→ **Work instructions**: Nothing but the lines below, from the first through the line containing "Connecting stand hole", should be set down, each one exactly and without pictures.

::: Supplied information

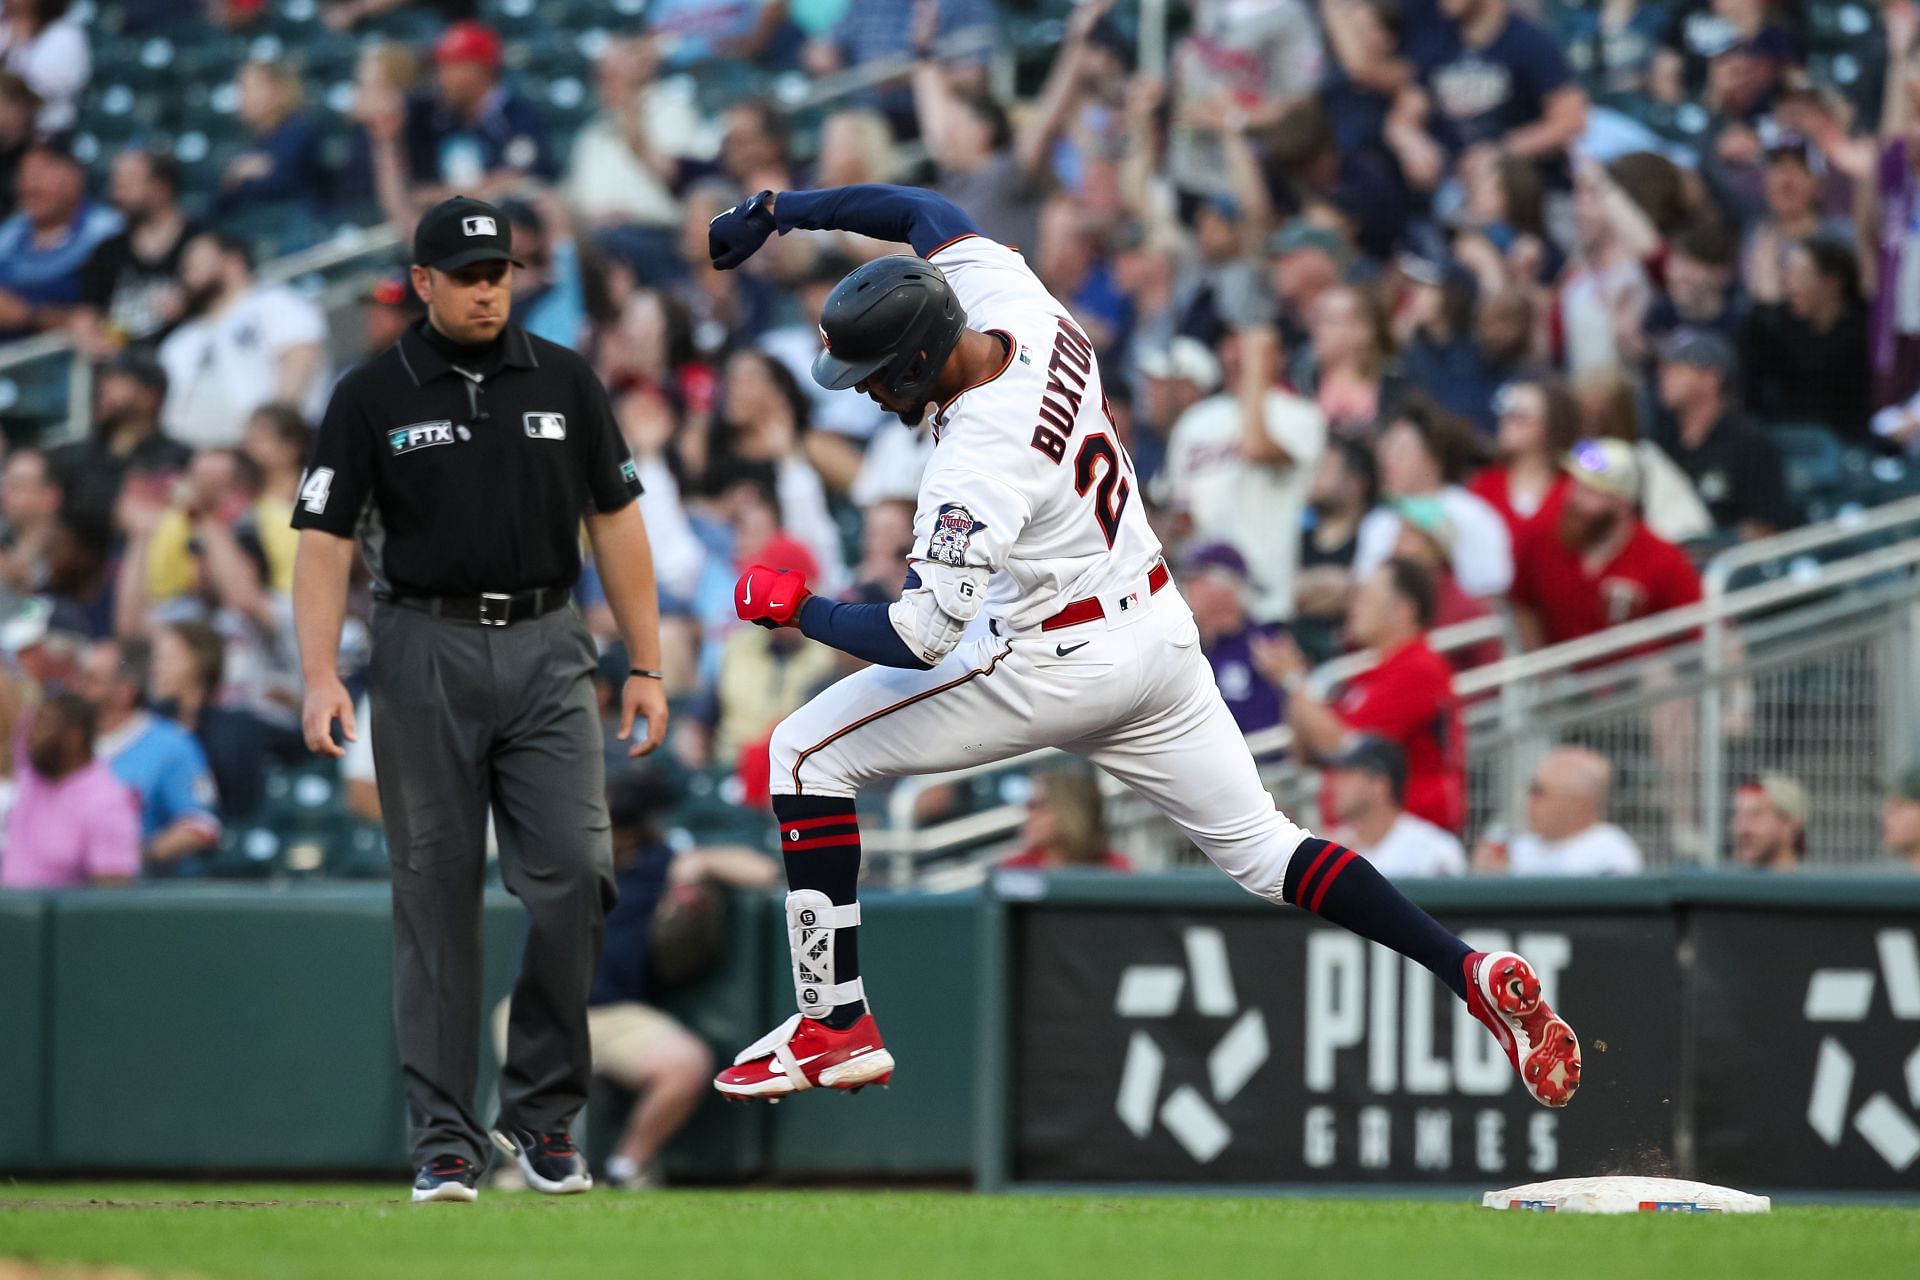 Byron Buxton of the Minnesota Twins celebrates a home run against the New York Yankees.
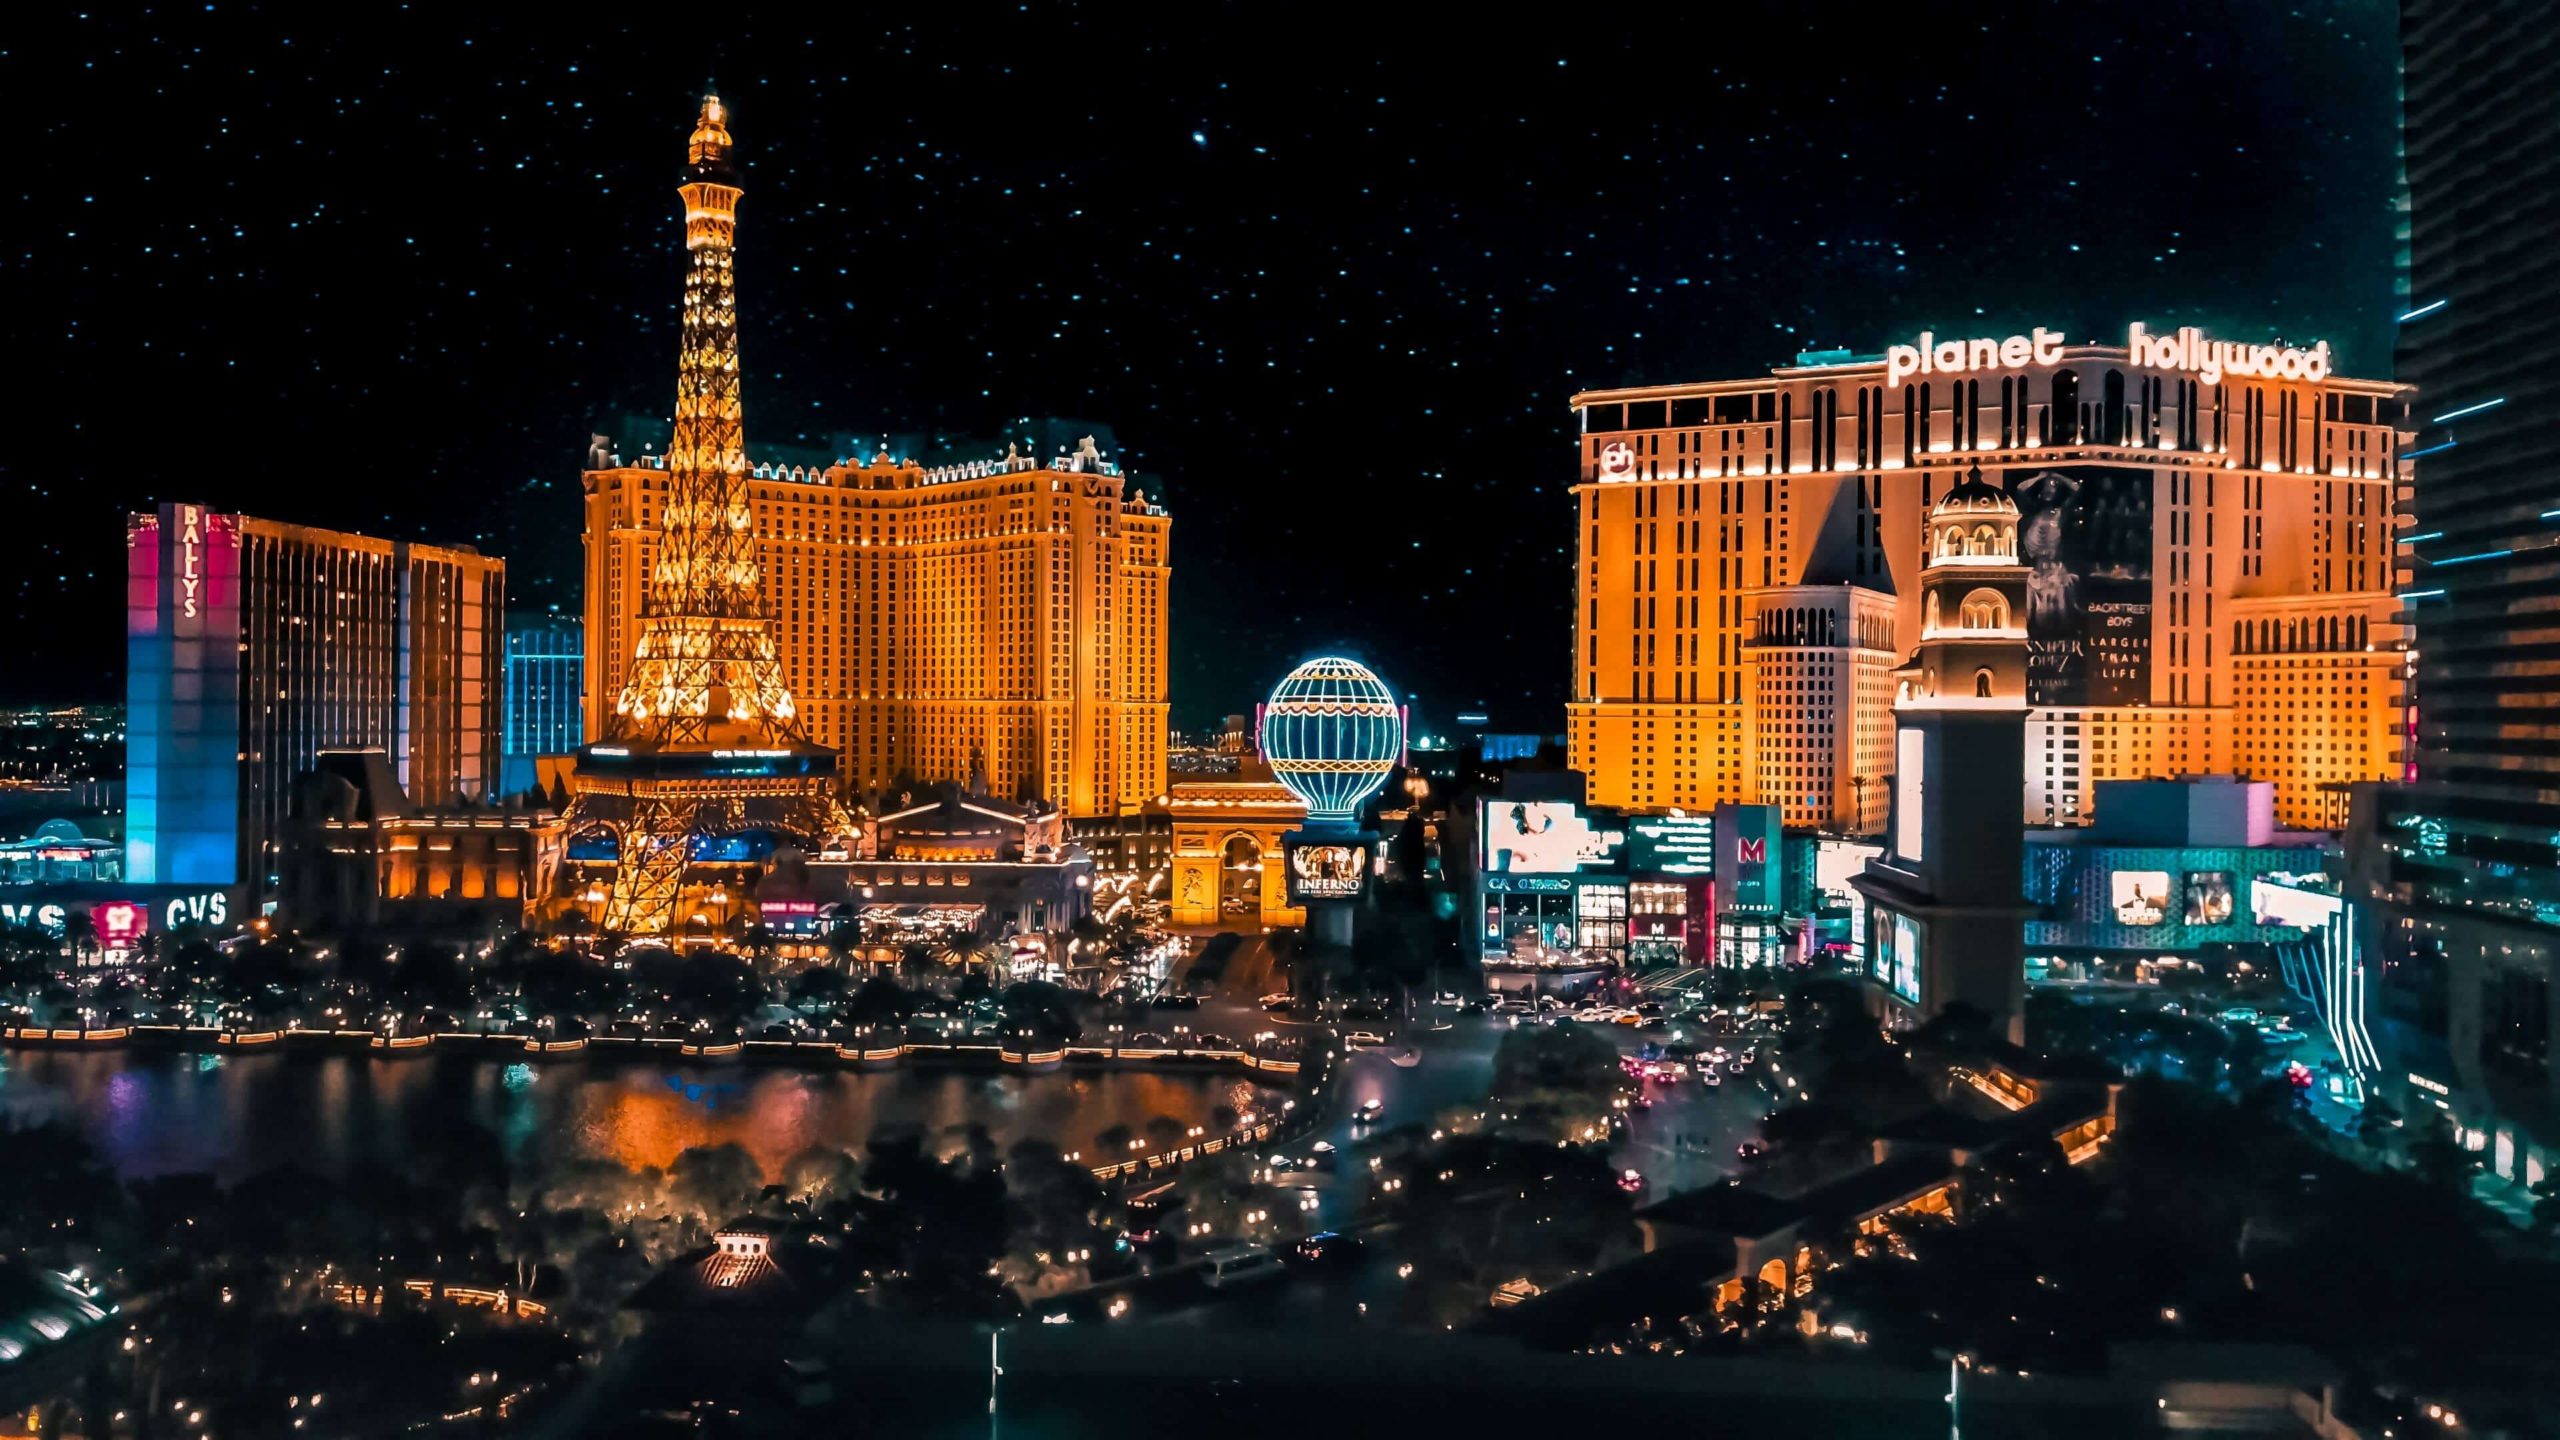 Neon lights, such as those on the Las Vegas strip seen here, are another light source.
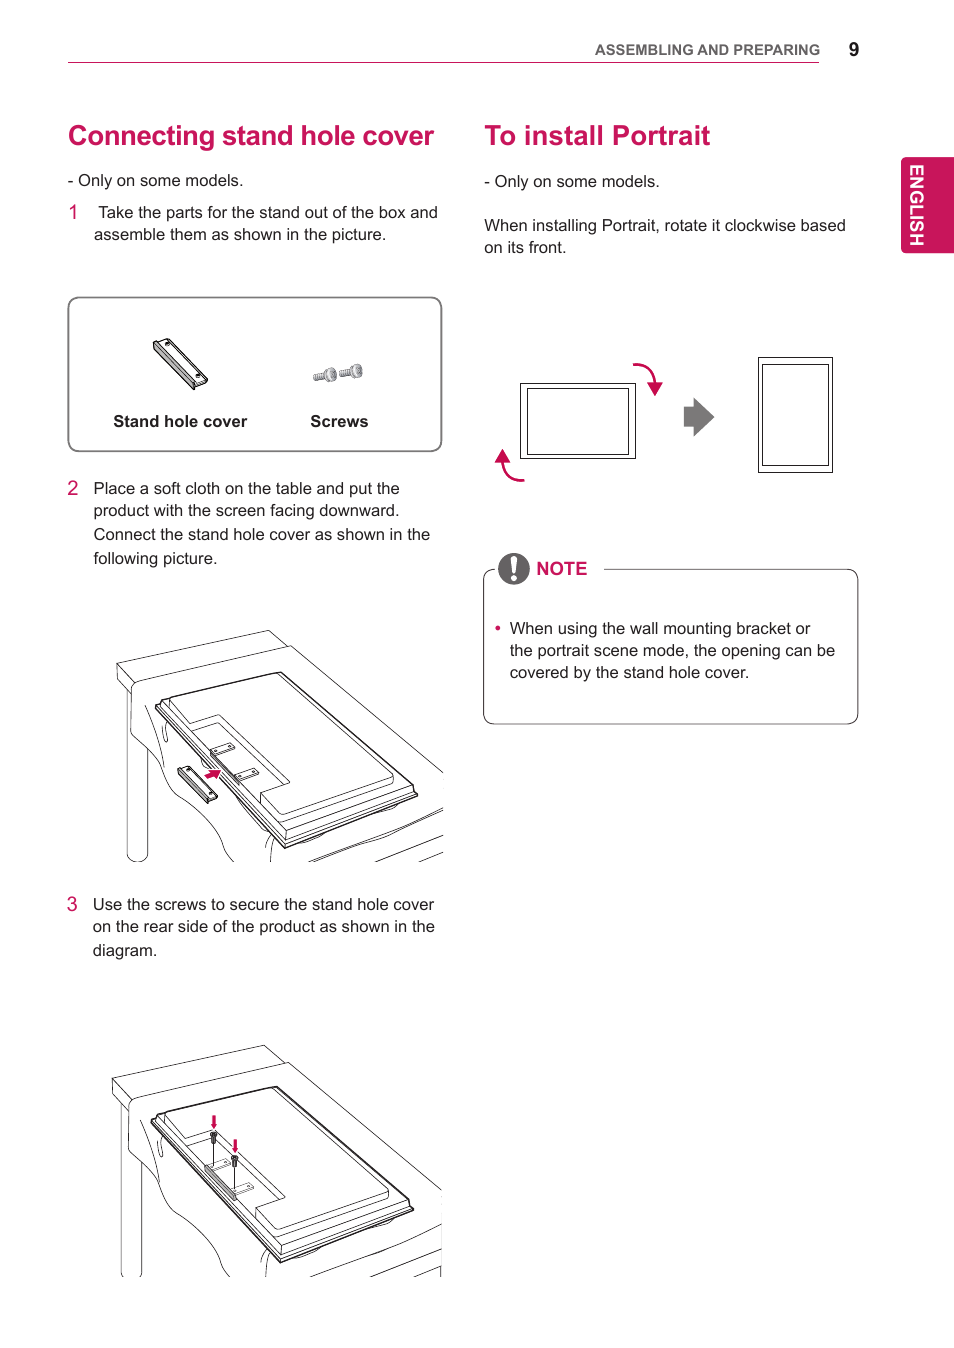 Connecting stand hole cover, To install portrait | LG 47VL10 User Manual | Page 9 / 48
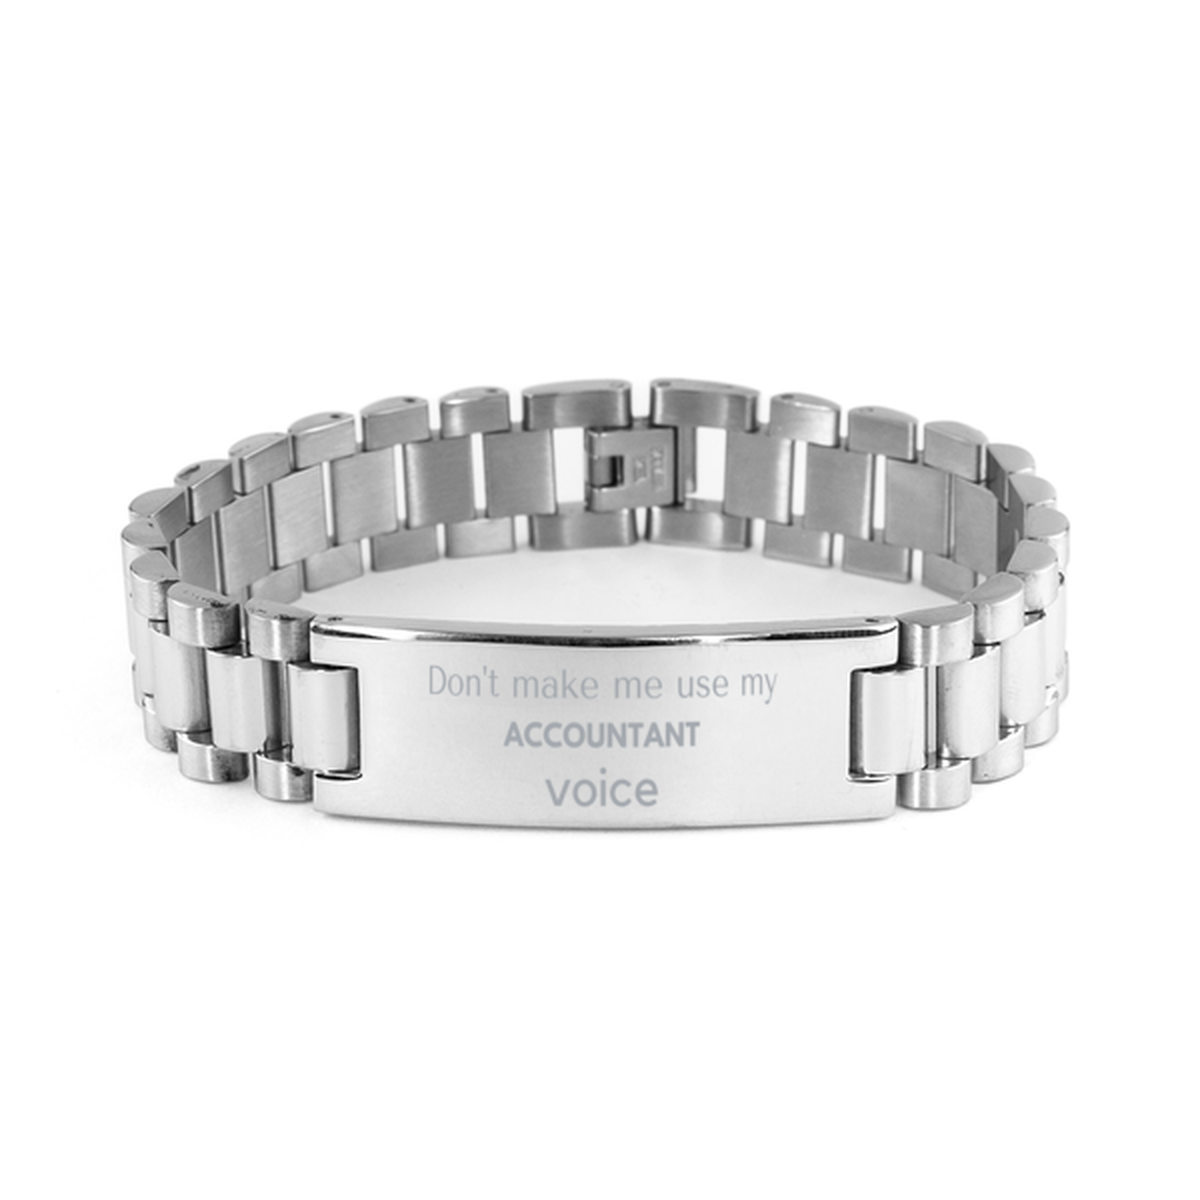 Don't make me use my Accountant voice, Sarcasm Accountant Gifts, Christmas Accountant Ladder Stainless Steel Bracelet Birthday Unique Gifts For Accountant Coworkers, Men, Women, Colleague, Friends

::::::

→ **Output for this task**:
 Byron Buxton of the Minnesota Twins celebrates a home run against the New York Yankees.
 Neon lights, such as those on the Las Vegas strip seen here, are another light source.
 Connecting stand hole cover, To install portrait | LG 47VL10 User Manual | Page 9 / 48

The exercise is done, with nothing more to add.